Email(s): mahapatradebarshi@gmail.com

Address: Department of Pharmaceutical Chemistry, Kamla Nehru College of Pharmacy, Nagpur 440026, India
Department of Pharmacognosy, Kamla Nehru College of Pharmacy, Nagpur - 440026, India.

Published In:   Volume - 29,      Issue - 1,     Year - 2016


Cite this article:
Mahapatra, Kamble, Shivhare and Pandey (2016). In Vitro Anti-Inflammatory Study of Tridax Procumbens L Leaf, Stem, Root, and Flower Extracts. Journal of Ravishankar University (Part-B: Science), 29(1), pp.196.



PP-F36

In Vitro Anti-Inflammatory Study of Tridax Procumbens L Leaf, Stem, Root, and Flower Extracts

Debarshi Kar Mahapatra, Manish Kamble, Ruchi Shivhare and Kavita Pandey

Department of Pharmaceutical Chemistry, Kamla Nehru College of Pharmacy, Nagpur 440026, India

Department of Pharmacognosy, Kamla Nehru College of Pharmacy, Nagpur - 440026, India

Corresponding author email: mahapatradebarshi@ gmail.com

[Received 14 January 2016; accepted 20 January 2016]

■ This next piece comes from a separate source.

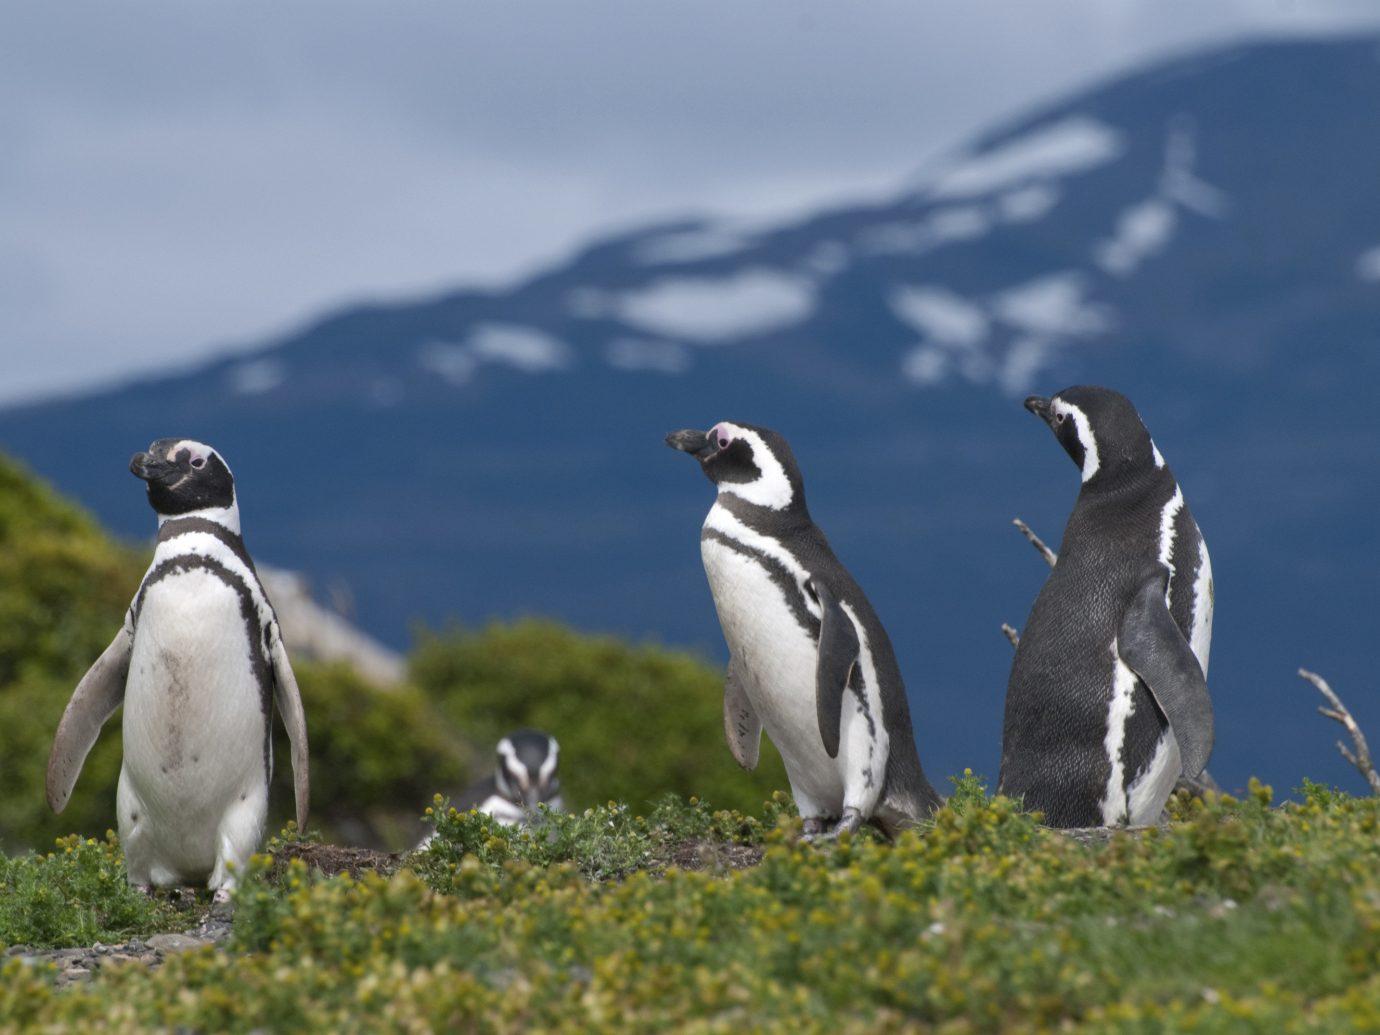 Trip Ideas outdoor Bird animal aquatic bird grass penguin flightless bird vertebrate standing fauna Wildlife hillside
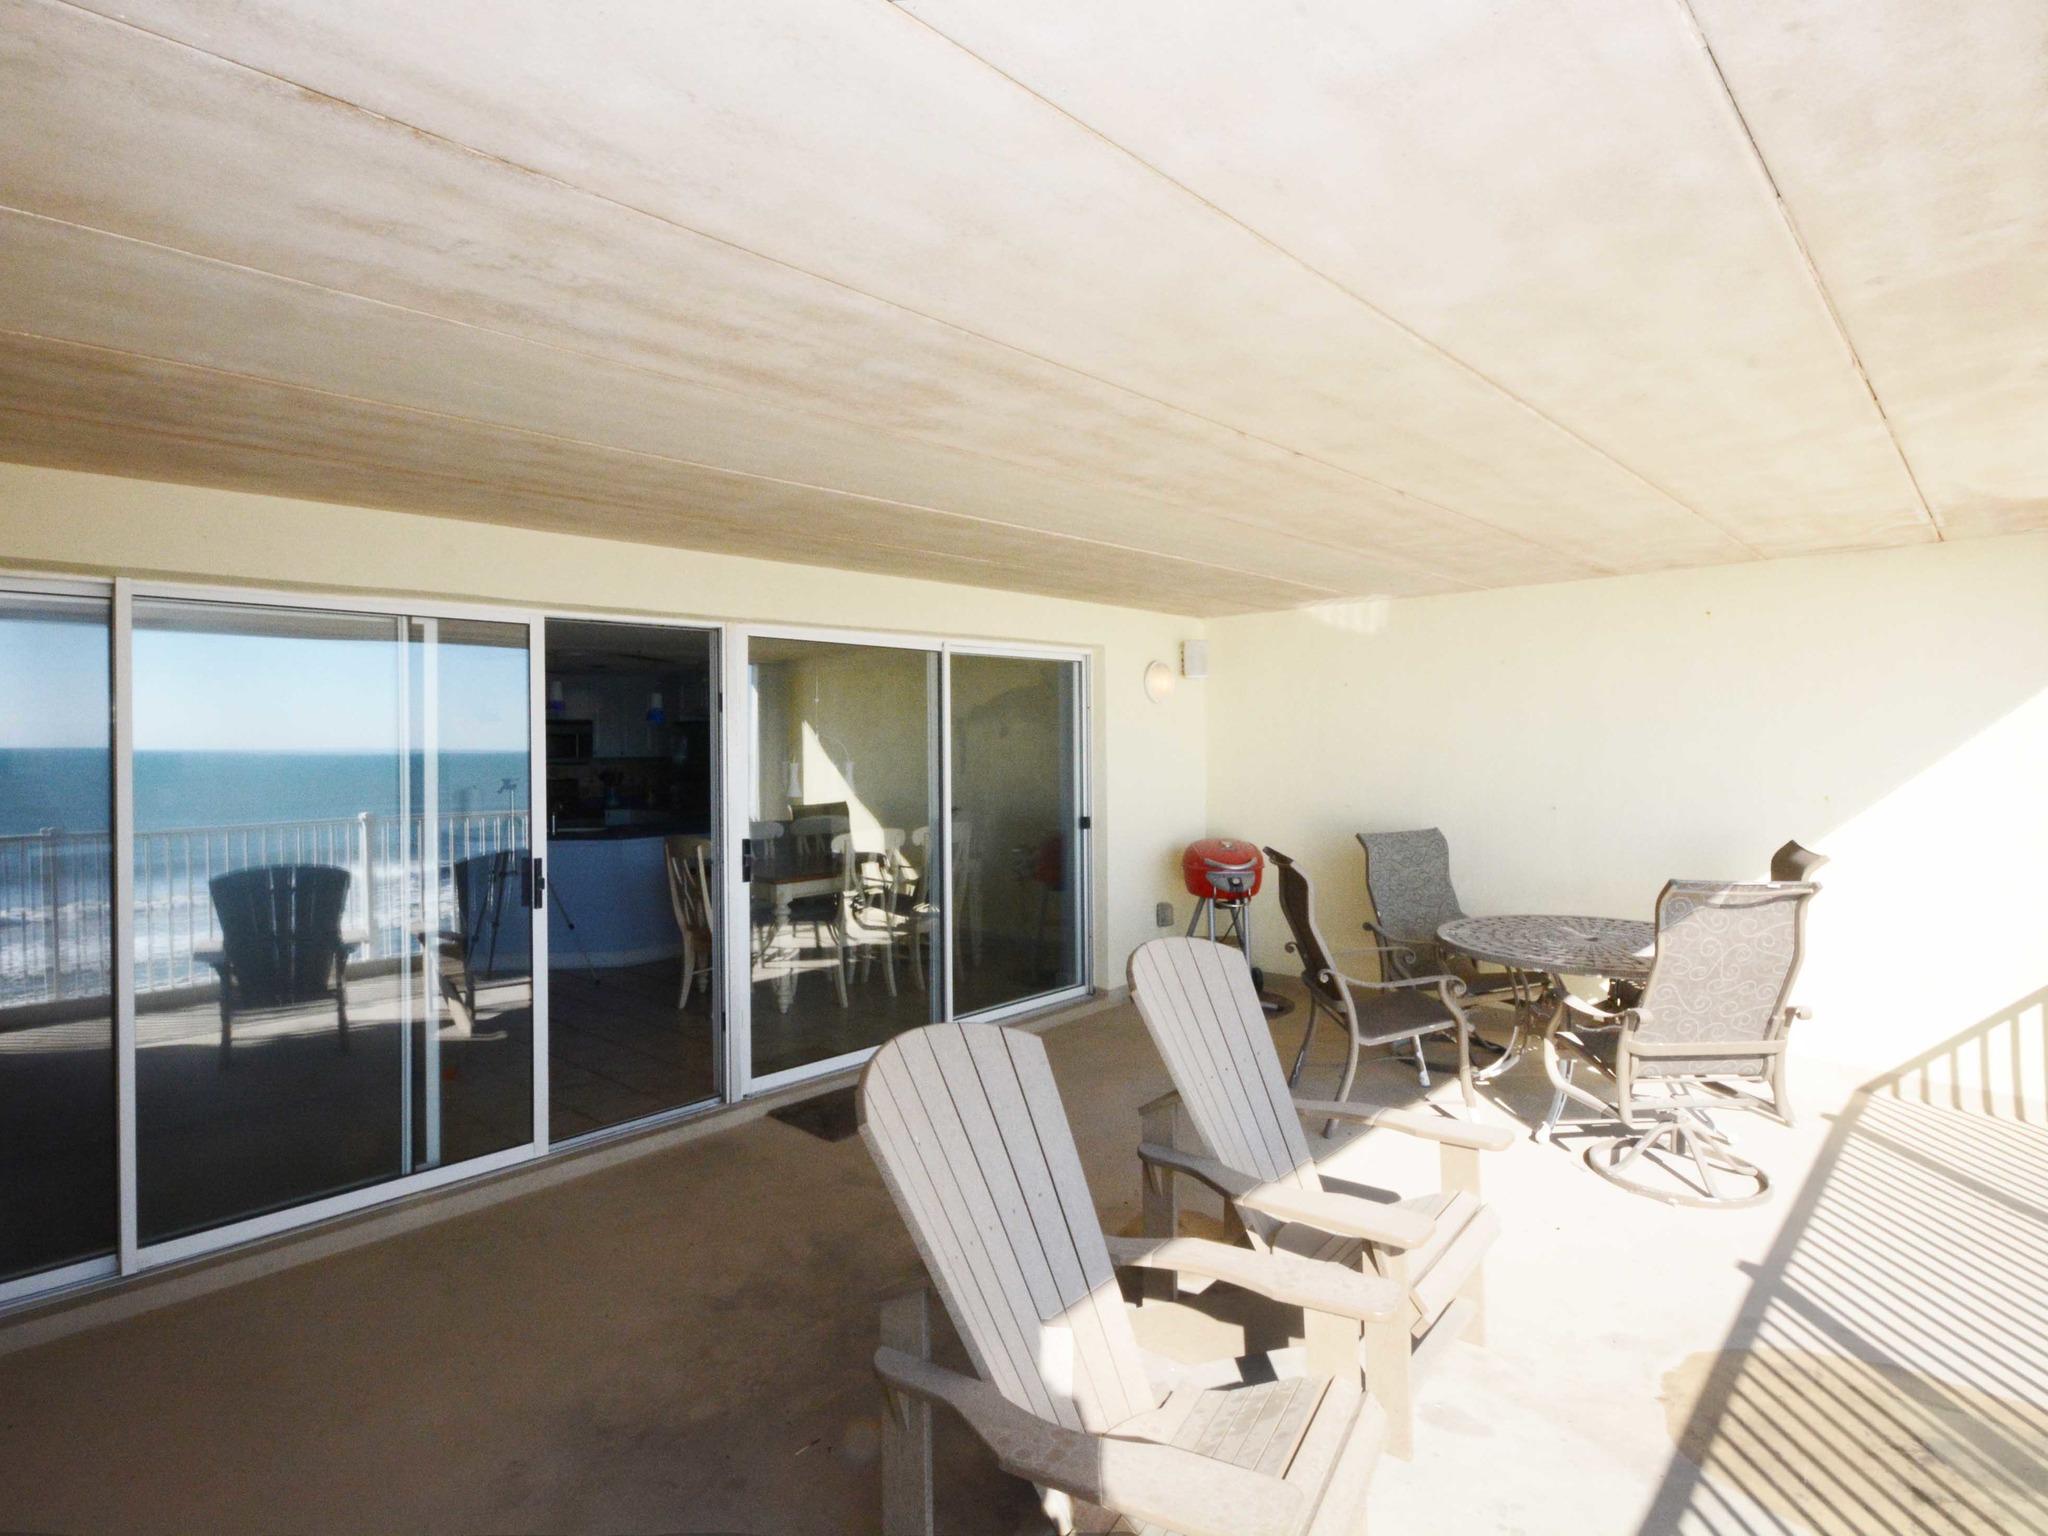 Calypso 505 2 bedroom home ocean city md vacation - 2 bedroom suites in ocean city md ...

Abstract: Tridax procumbens L. is a traditional plant known for its anti-inflammatory activity, however, many literatures have reported the potentiality, but the actual vital portion where the liable phytoconstituents are present is still debated. In order, to determine the same, in vitro anti-inflammatory activity of Tridax procumbens L. plant part (leaf, stem, root, and flower) extracts (aqueous, ethanol, methanol, chloroform and petroleum ether) were investigated by human red bold cell membrane stabilization (HRBCM) method. All the plant part extracts showed moderate to significantly high activity. The alcoholic leaf extract (ethanol and methanol) demonstrated noteworthy HRBCM stabilization activity at 200 ug/mL (69.68%, and 70.44%) compared to standard drug diclofenac sodium (81.37%). Moreover, the extracts displayed considerable anti- inflammatory potential. The result of the study revealed the traditional importance of this plant in inflammation.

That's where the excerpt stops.